Convendría tener presente que, en latitudes no calvinistas, lo más deseable para sobrevivir es una moderada y soportable ineficiencia de personas e instituciones, pero esta profunda verdad apenas puede confesarse, porque la ideología del siervo de vacaciones lleva todas las de ganar.

Nada tiene de raro que la política se conciba también como un servicio que debe ser prestado en las mejores condiciones de eficacia. De ordinario, el político apenas promete otra cosa, y el resultado es que el espacio público se convierta en un ruidoso casino (o, mejor, un cibercafé) al que los criados acuden, cuando están de permiso, para olvidarse de su condición ancilar y de lo poco que falta para recobrarla. Naturalmente, los camareros del cibercafé se pasarán el rato llamando “señor” a todo el mundo y repitiendo una y otra vez que el que manda es el cliente.

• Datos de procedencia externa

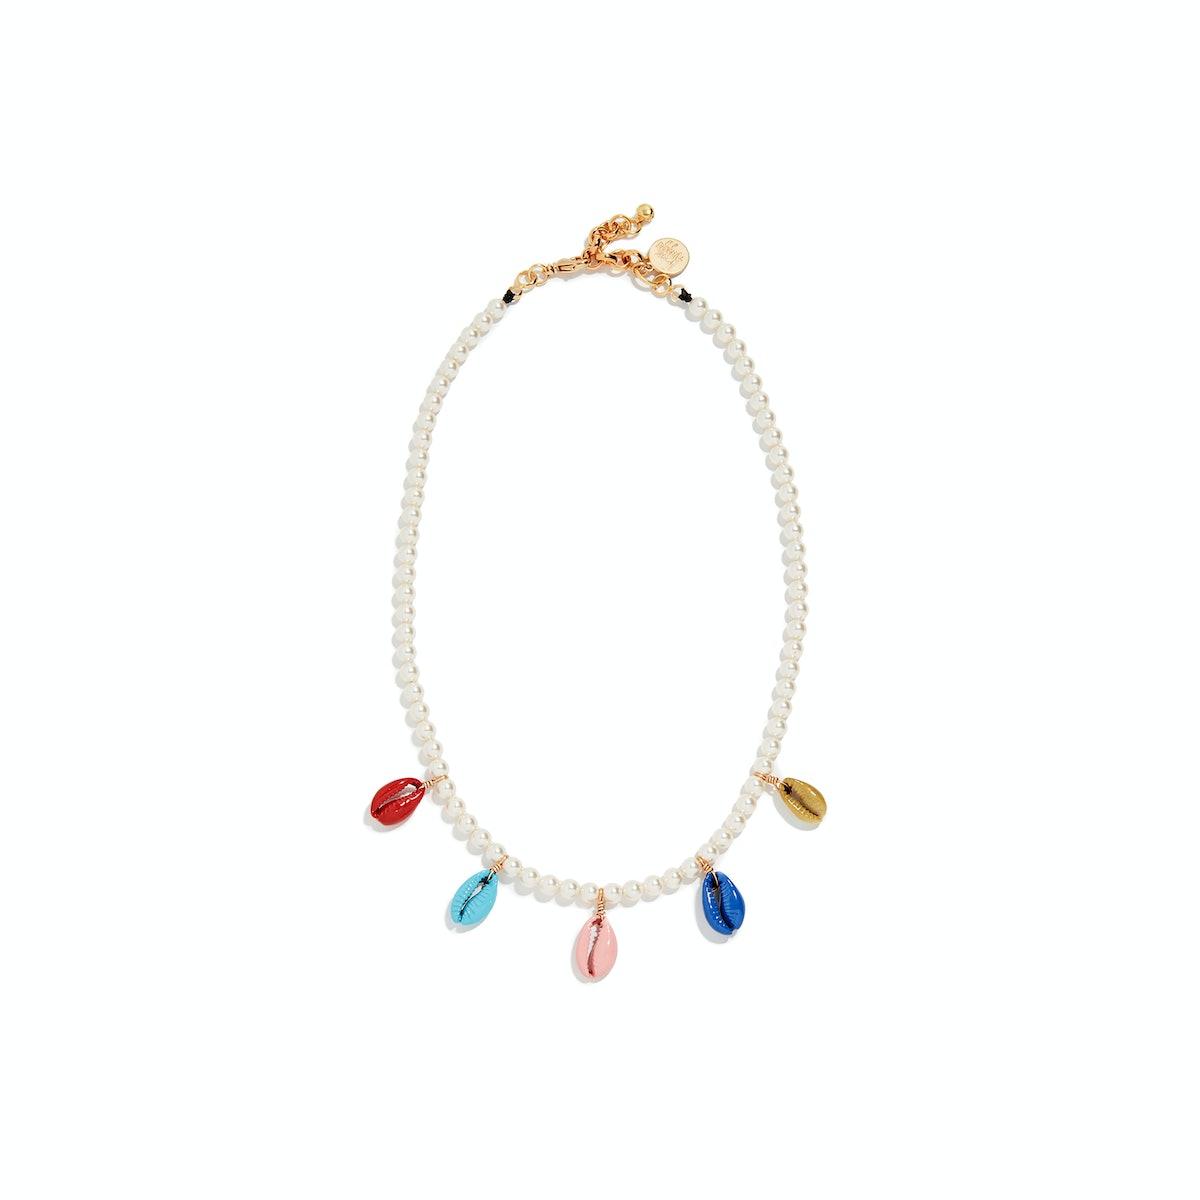 Shell_Jewelry13.jpg

La ficción principal en que se funda la cosa pública contemporánea es la consistente en creer que los políticos no sirven a los dueños del cibercafé (gente por lo común muy poco amable), sino a los criados de permiso que acuden a convencerse de que ellos también son señores.

Para el súbdito, la política es un lugar donde pasar los días de ocio y donde todos parecen convencidos de que las vacaciones no tienen fin. Pero, al terminarse las horas o los días reglamentarios, quizá el fámulo se haya cansado de tanta ficción, agradezca ser tratado con menos atenciones y añore la disciplina y la mano dura. El retorno no podrá ser más provechoso para el amo, porque el siervo correrá a servirle con toda la energía que suele desencadenarse cuando uno se libra de la simulación, una energía que sin duda se agotará (y suscitará entonces no poco arrepentimiento) pero que, mientras dure, prestará servicios inestimables y causará también el más odioso de los regocijos.

Antonio Valdecantos es catedrático de Filosofía de la Universidad Carlos III de Madrid. Su último libro, de próxima publicación, es La clac y el apuntador.